The data:
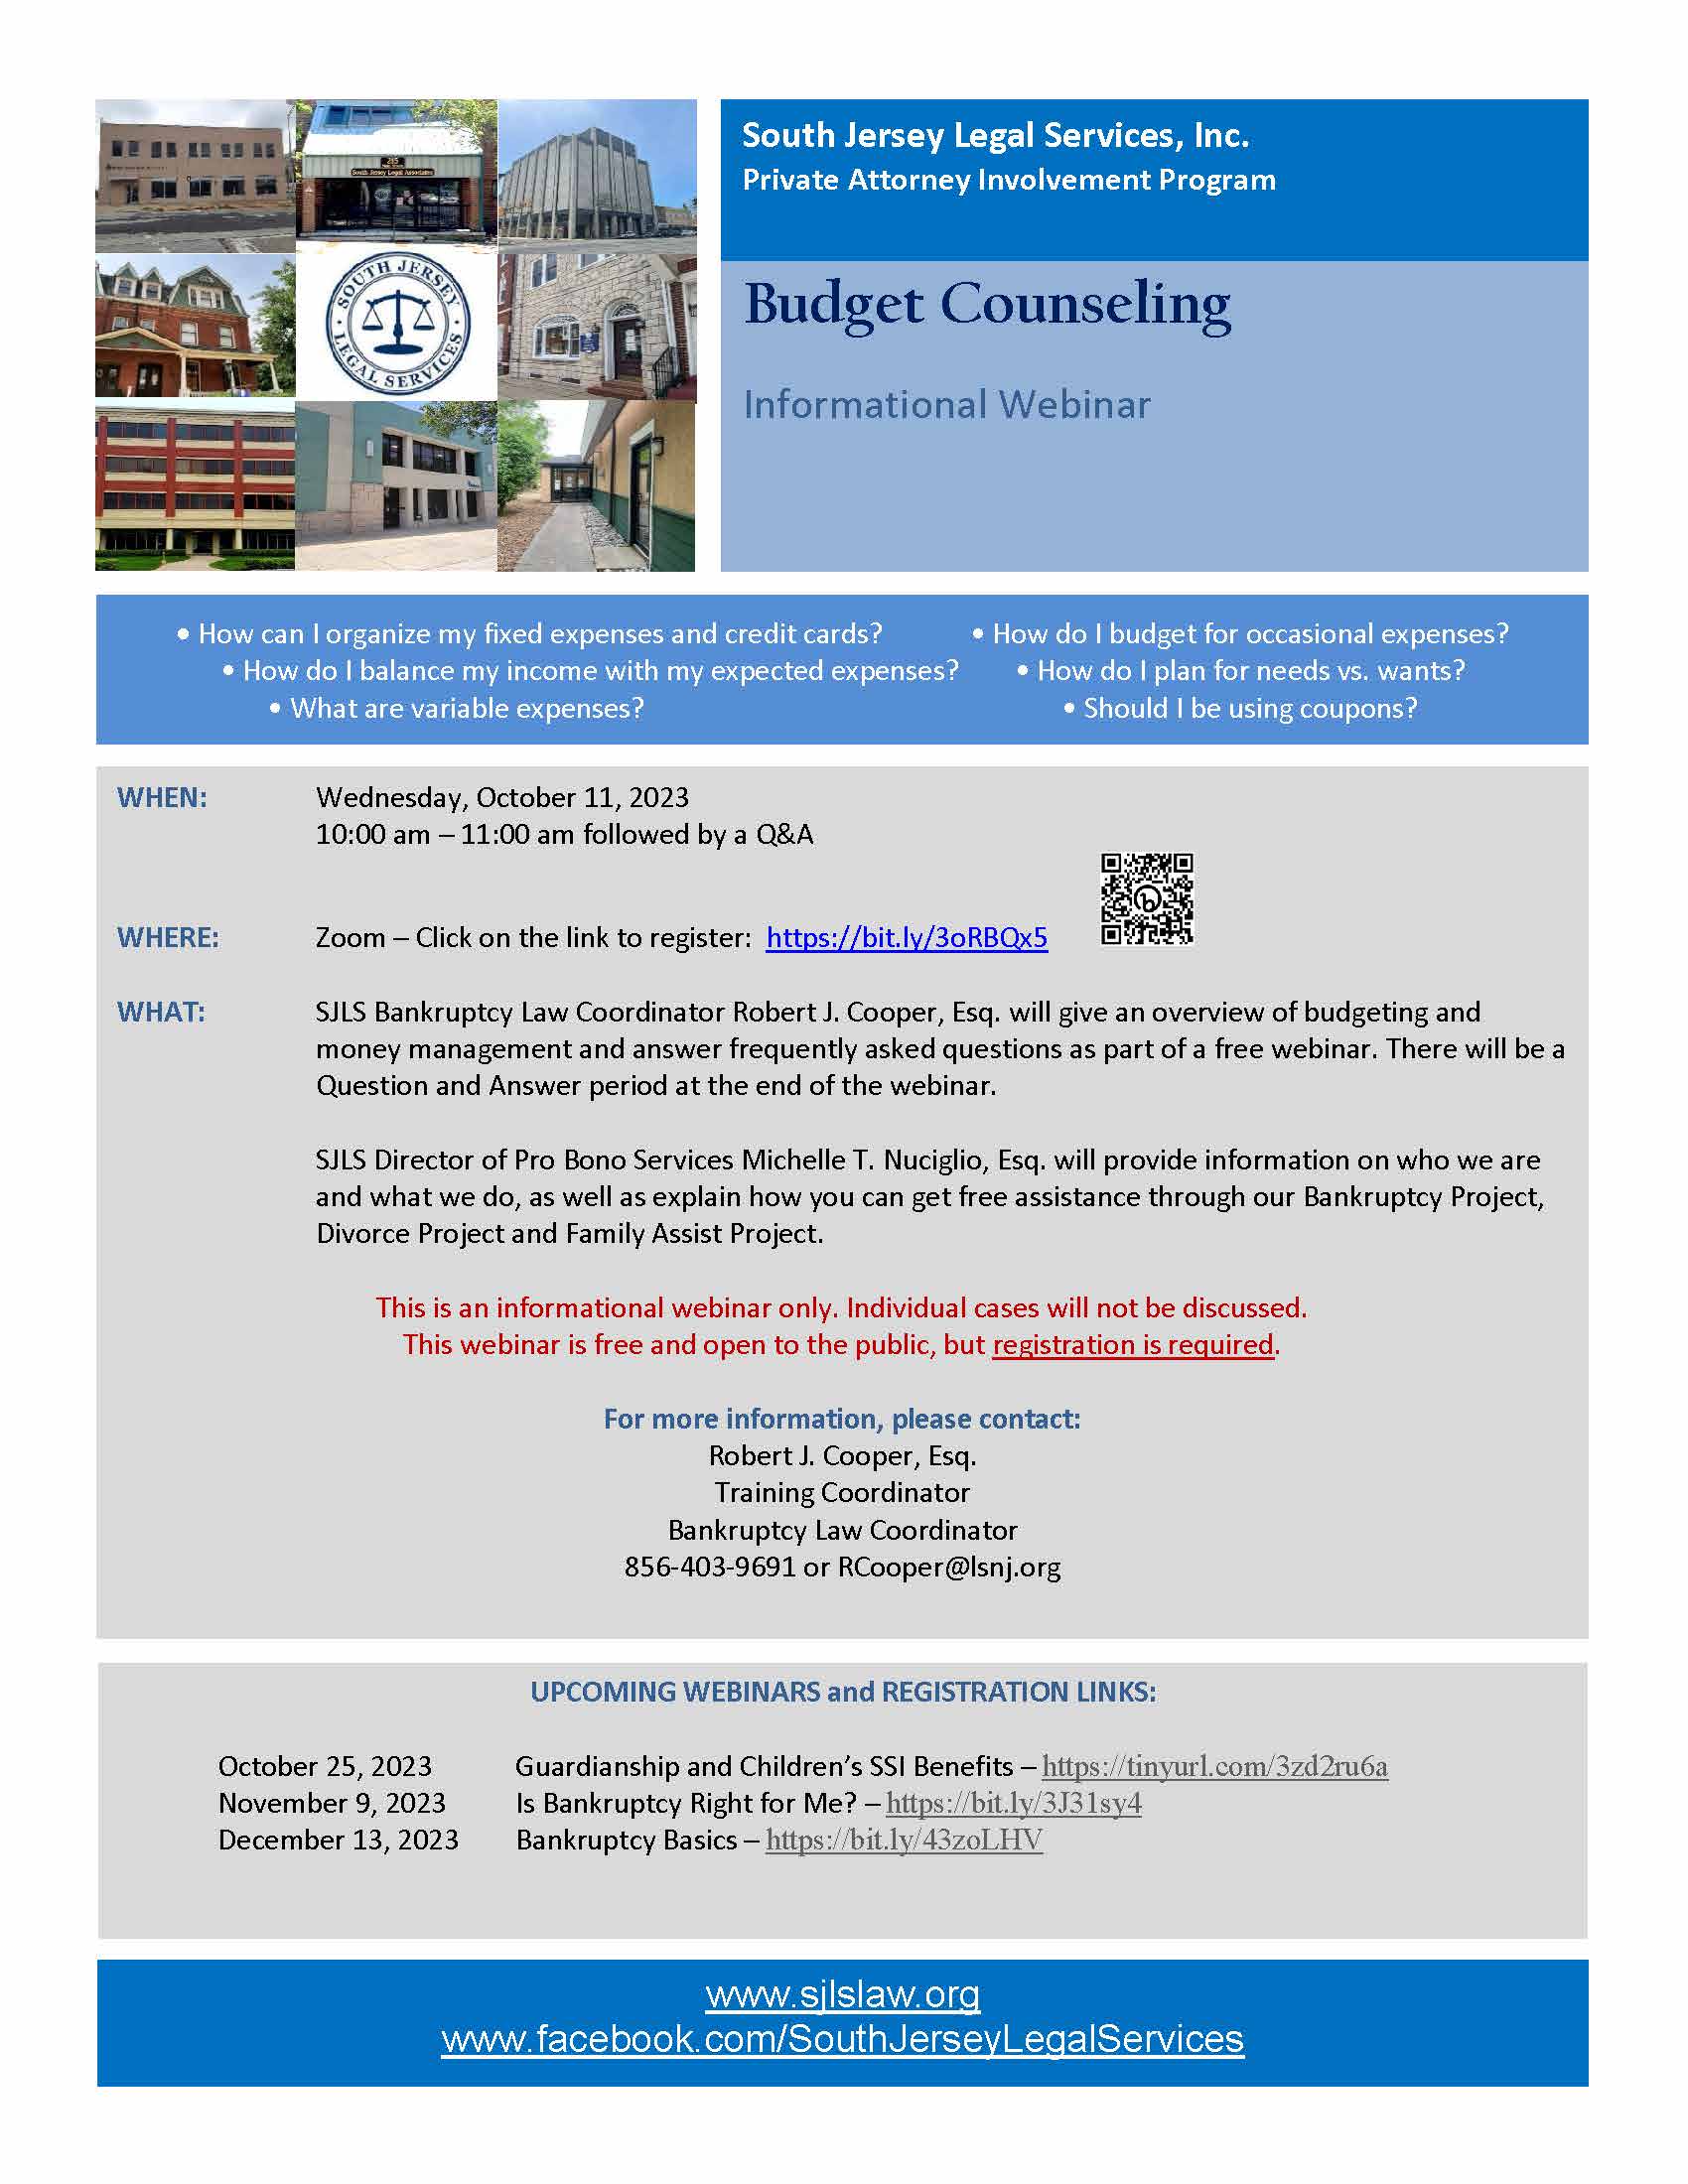 2023 Oct Budget Counseling Webinar Flyer
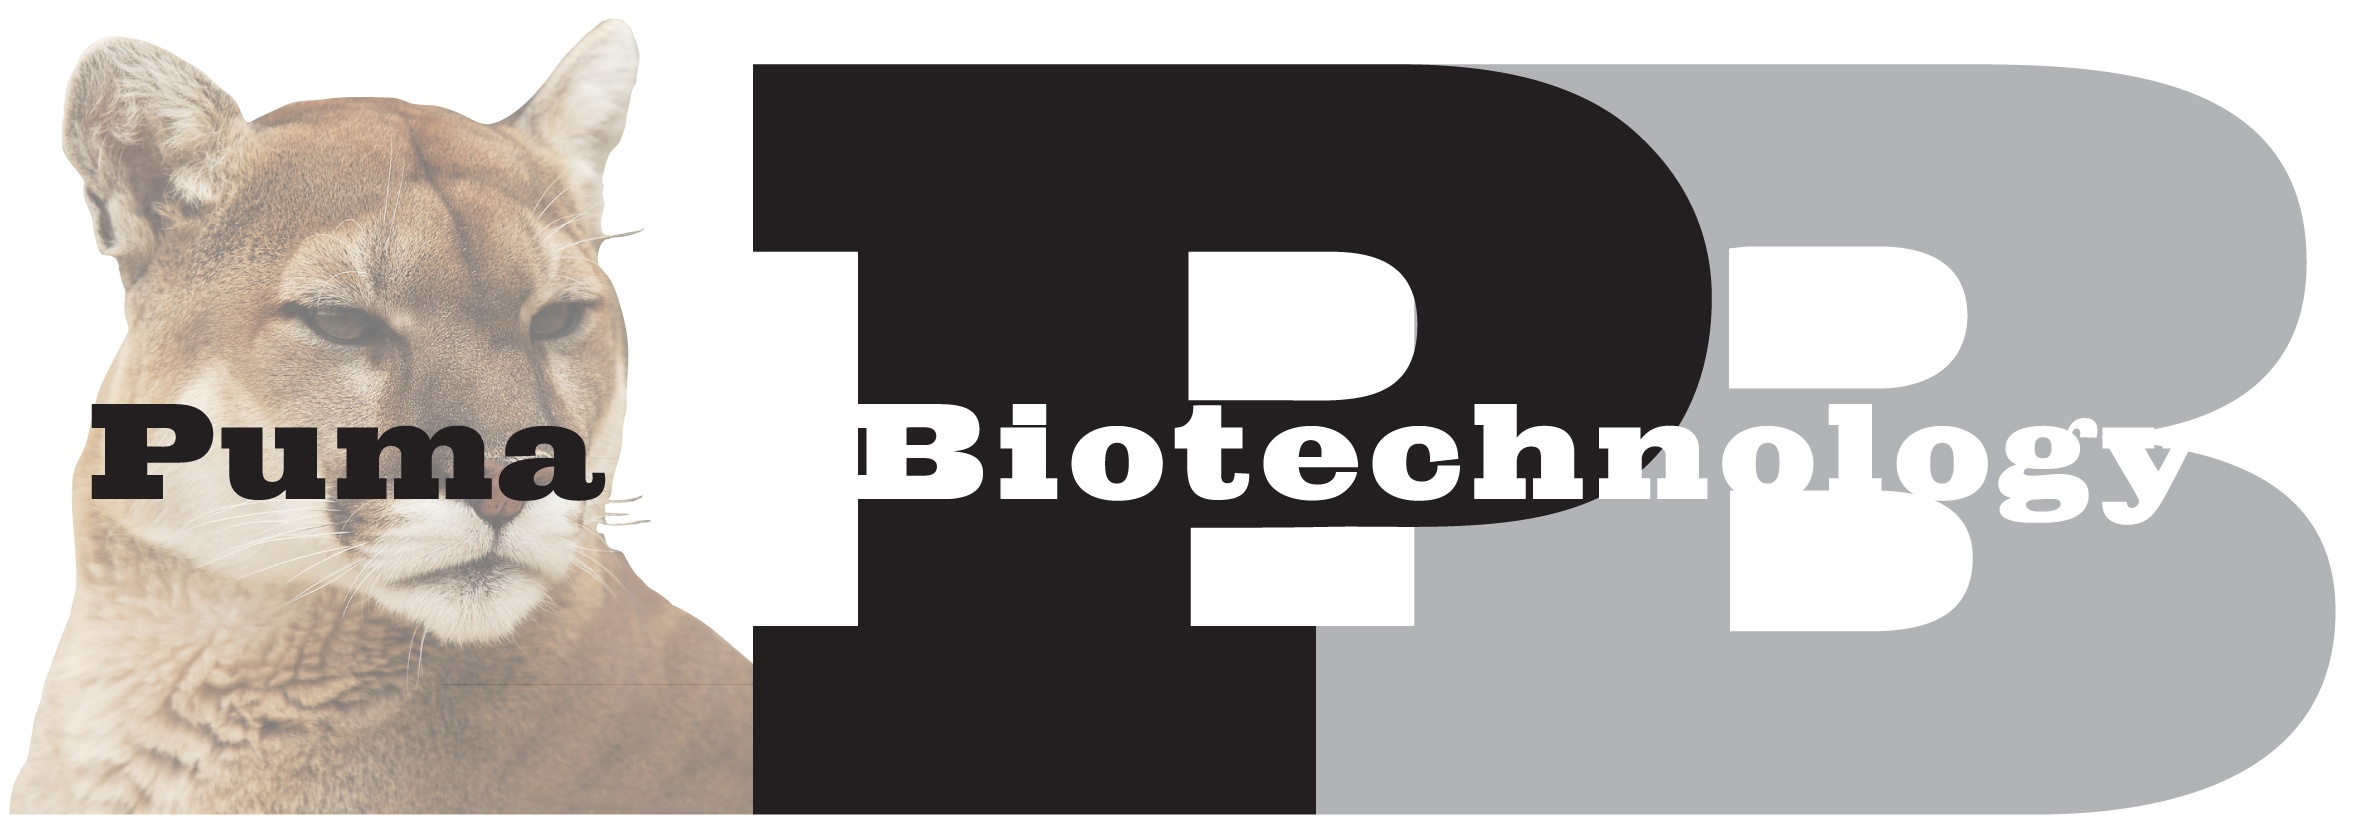 puma biotechnology stock
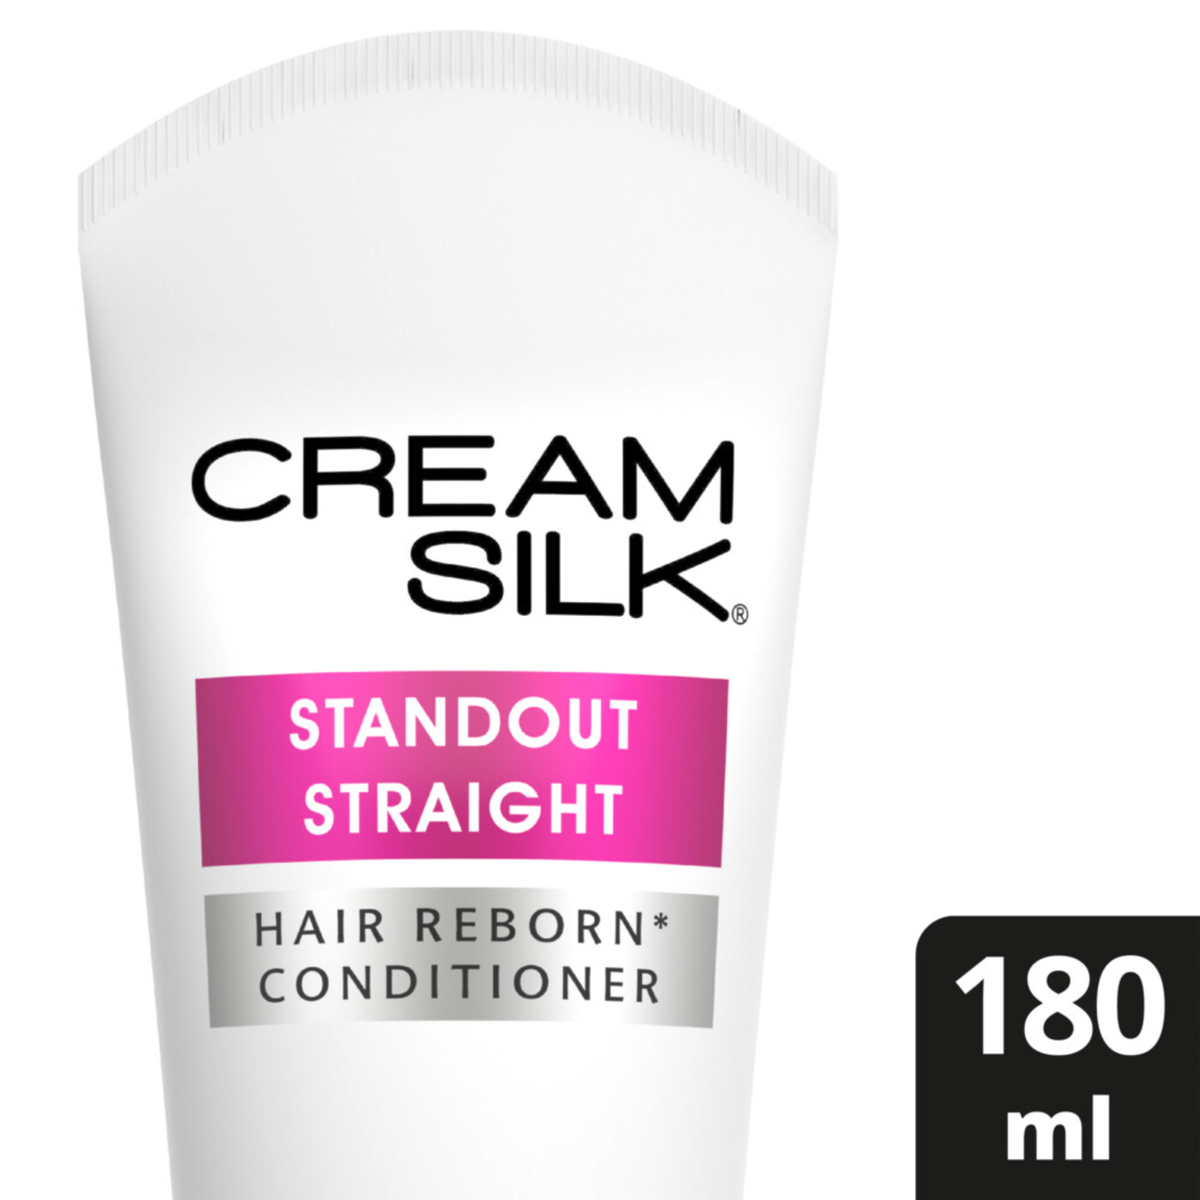 Buy Cream Silk Conditioner Hair Reborn Standout Straight 180 ml Online at Best Price | Conditioners | Lulu KSA in Kuwait

Task item:
Please repeat the listing above word for word, with the pictures removed.

Answer to the problem:
 2023 Oct Budget Counseling Webinar Flyer
 puma biotechnology stock
 Buy Cream Silk Conditioner Hair Reborn Standout Straight 180 ml Online at Best Price | Conditioners | Lulu KSA in Kuwait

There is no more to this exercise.